The NCAA released its results from the Student-Athlete Well-Being Study on Tuesday, revealing that there is an increase in mental health battles among women and athletes of color in the NCAA. 

The study examined the impacts of the COVID-19 pandemic on the physical and mental well-being of college athletes during 2020 across all three divisions. Close to 25,000 athletes took the survey, representing all conferences across all divisions. 

While athletes overall reported fewer sleep difficulties and lower levels of loneliness, loss, anger and sadness in the fall compared to the beginning of the pandemic, there were elevated rates of anxiety, hopelessness, mental exhaustion and feelings of depression across the board. 

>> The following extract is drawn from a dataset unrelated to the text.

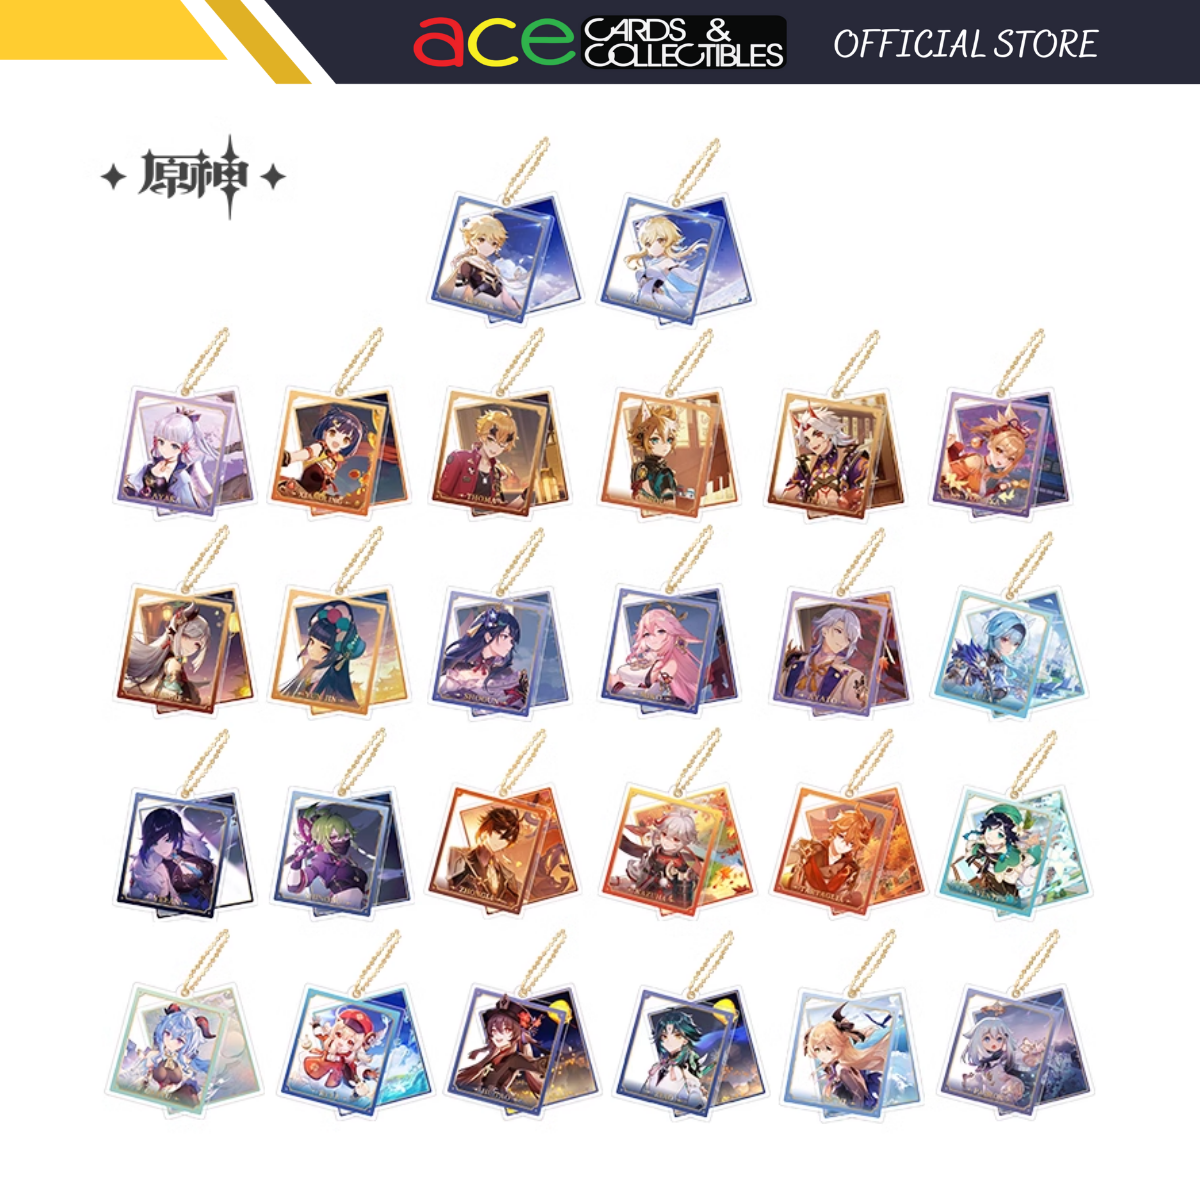 miHoYo Genshin Impact Slide Acrylic Keychain Series-Aether-miHoYo-Ace Cards & Collectibles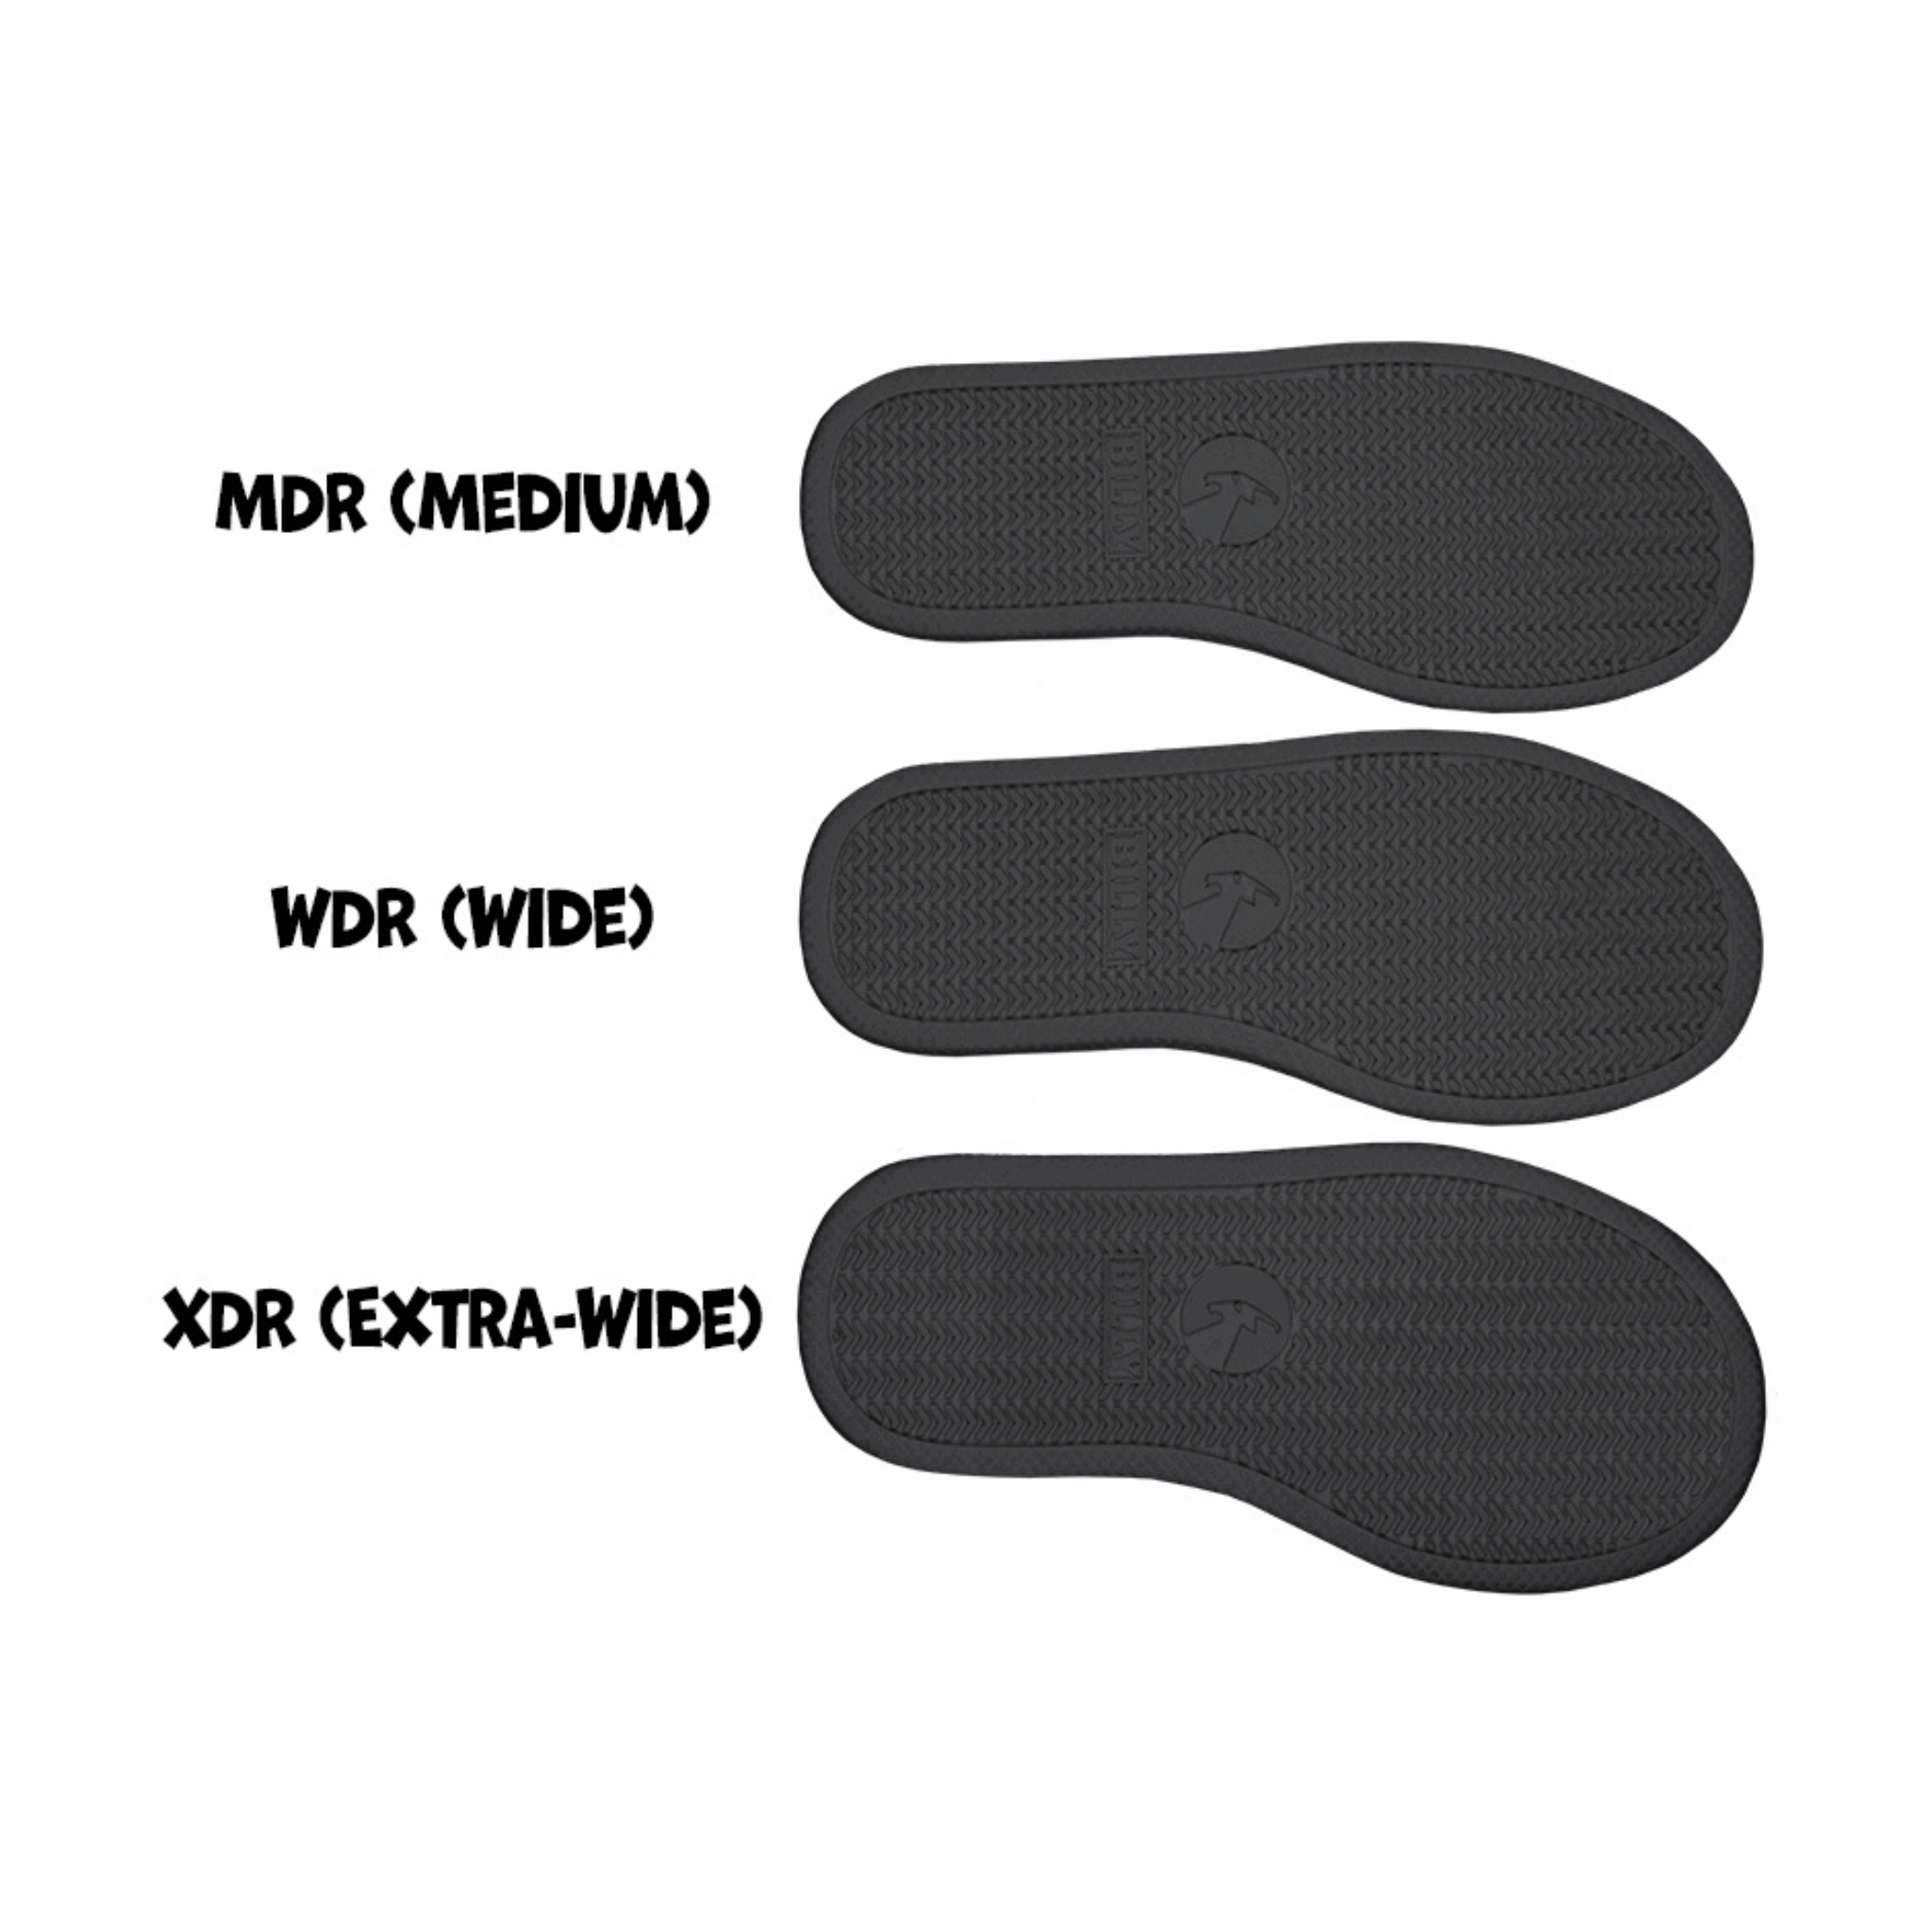 Image of the three sole size comparisons in the Billy D|R range. MDR (standard), WDR (wide) & XDR (extra wide)

Some of the biggest mental health concerns for NCAA athletes include academic worries (43%), lack of access to sport (33%), COVID health concerns (31%) and financial worries (24%). A large number of athletes of color cited racism within the last month as negatively impacting their mental health. 

Out of the 64% who reported they almost always followed social distancing guidelines (masks, physical distance, no large gatherings), women were more likely to report "almost always" compared to men (67% to 59% respectively). Athletes of color (71%) selected the same answer more frequently than their white teammates (62%). 

Almost half of the Division I athletes who answered the survey had to isolate or be quarantined due to COVID-19 (44%) while Division II and Division III were 43% and 27% respectively. 

A sizable amount of athletes (9%) also reported that someone close to them was hospitalized or died due to the coronavirus. Black and Latinx athletes were twice as likely to report this result compared to white athletes. 

And as the country continues to grapple with the pandemic and uncertainty of the future, senior athletes are struggling as well. Nearly half have lost internships or jobs because of COVID-19, and 18% of males and 12% of females expect to delay their graduations. 

As the pandemic continues to rage on, more athletes have been reaching out about their mental health battles. The NCAA found that in most cases, the rates of reporting these concerns in the last month are 1.5-2 times higher than in NCAA pre-pandemic studies.

Details of how and if the governing body will use these results to address the matter are unknown at this time.